接下来我们探索一下区域之间的关系，看一下缺失值的出现，是不是跟国家之间有关系，我们画一下世界地图，选择区域，然后在这个区域选择某一个指标，看一下它的缺失值的分布情况，颜色越深，缺失值越严重，我们以农业对GDPagg_to_gdp,为指标看一下分布情况，

#颜色越深，缺失值越严重
geo = r'../../数据集/农粮数据/world.json'
null_data = recent['agg_to_gdp'].notnull()*1
map = folium.Map(location=[48,-102],zoom_start=2)
map.choropleth(geo_data=geo,
              data=null_data,
              columns=['country','agg_to_gdp'],
              key_on='feature.properties.name',reset=True,
              fill_color='GnBu',fill_opacity=1,line_opacity=0.2,
              legend_name='Missing agricultural contribution to GDP data 2013-2017')

map

我们也可以指定不同的指标，

def plot_null_map(df,time_period,variable,legend_name=None):
    ts=time_slice(df,time_period).reset_index().copy()#不指明，从0开始
    ts[variable]=ts[variable].notnull()*1
    map = folium.Map(location=[48,-102],zoom_start=2)
    map.choropleth(geo_data=geo,
        data=ts,
        columns=['country',variable],
        key_on='feature.properties.name',reset=True,
        fill_color='GnBu',fill_opacity=1,line_opacity=0.2,
        legend_name=legend_name if legend_name else variable)
    return map

plot_null_map(data,'2013-2017','number_undernourished','Number undernourished id missing')
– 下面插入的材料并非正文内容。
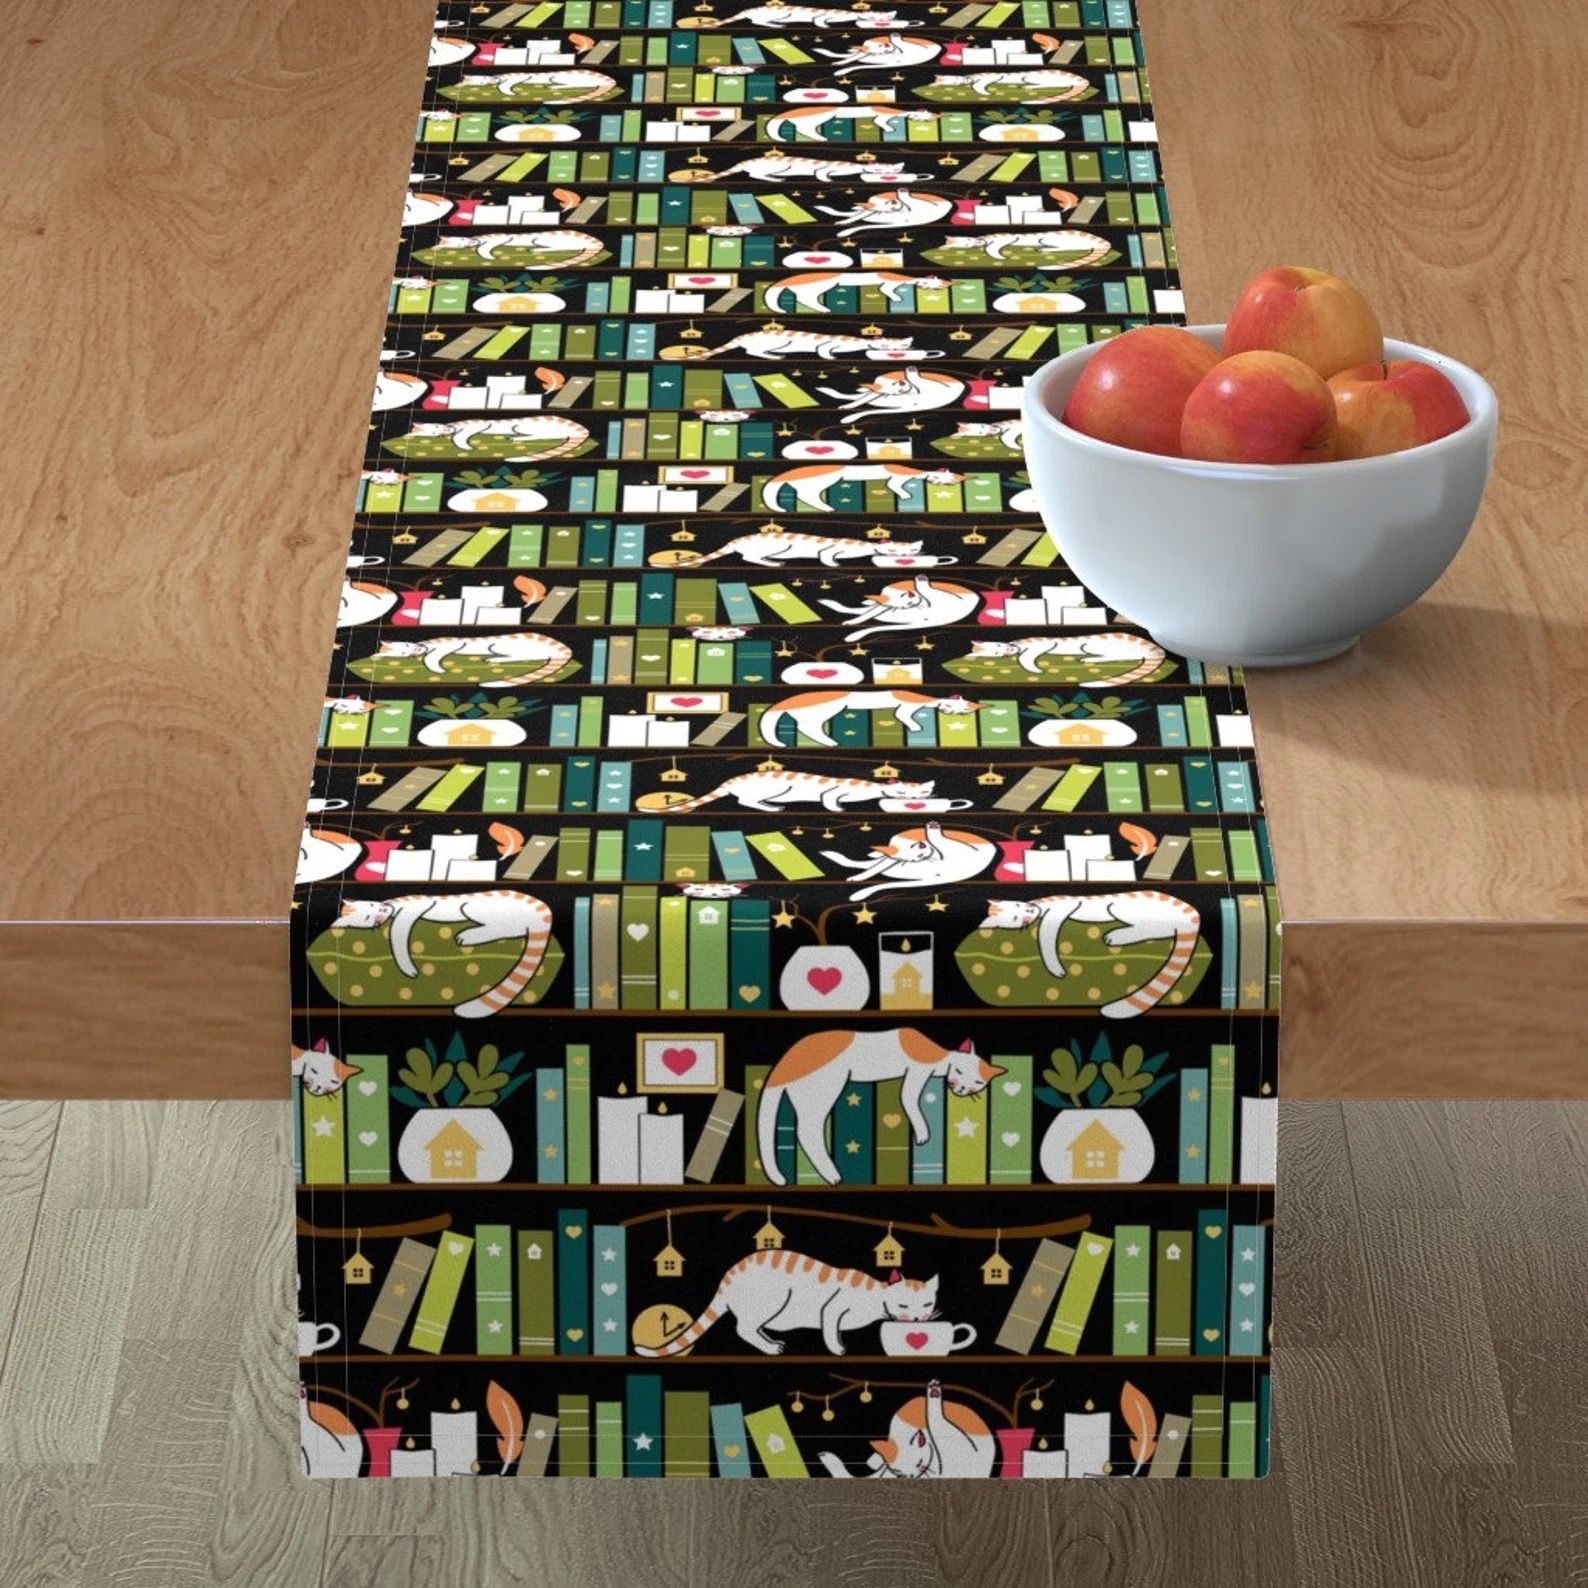 A cloth table runner with a pattern of books lounging among stacks of library books.

接下来我们用热力图展示一下，不同指标随着时间的变化情况，颜色越深说明在这个指标上收集到的国家数据越少，反之则越多。

fig,ax = plt.subplots(figsize=(16,16))
sns.heatmap(data.groupby(['time_period','variable']).value.count().unstack().T,ax=ax)
plt.xticks(rotation=45)
plt.xlabel('Time period')
plt.ylabel('Variable')
plt.title('Number of countries with data reported for each variable over time')

通过上图我们知道，刚开始，统计这些指标的国家比较少，随着时间的推移统计这个指标的国家越来越多，可以通过颜色由深到浅的变化看出来，从过上图分析可以知道不同指标国家的重视程度，有些指标也正好相反，国家越来越不重视了。

接下来，我们使用pandas_profiling来对单变量以及多变量之间的关系进行统计一下，

pandas_profiling.ProfileReport(time_slice(data,'2013-2017'))

4、峰度与偏度

这里我们要计算的是，比如

均值，中位数，模式，四分位
标准差、方差、范围、间距范围
偏度、峰度
首先我们先来看一下数据的描述，

recent[['total_pop','urban_pop','rural_pop']].describe().astype(int) #总人口，城镇人口，农村人口

通过上图我们就可以大体得出我们想要的结果，但是通过看出图表我们发现，rural_pop的最小值是负数，人口统计不应该出现负值，我们继续来看一下，

recent.sort_values('rural_pop')[['total_pop','urban_pop','rural_pop']].head()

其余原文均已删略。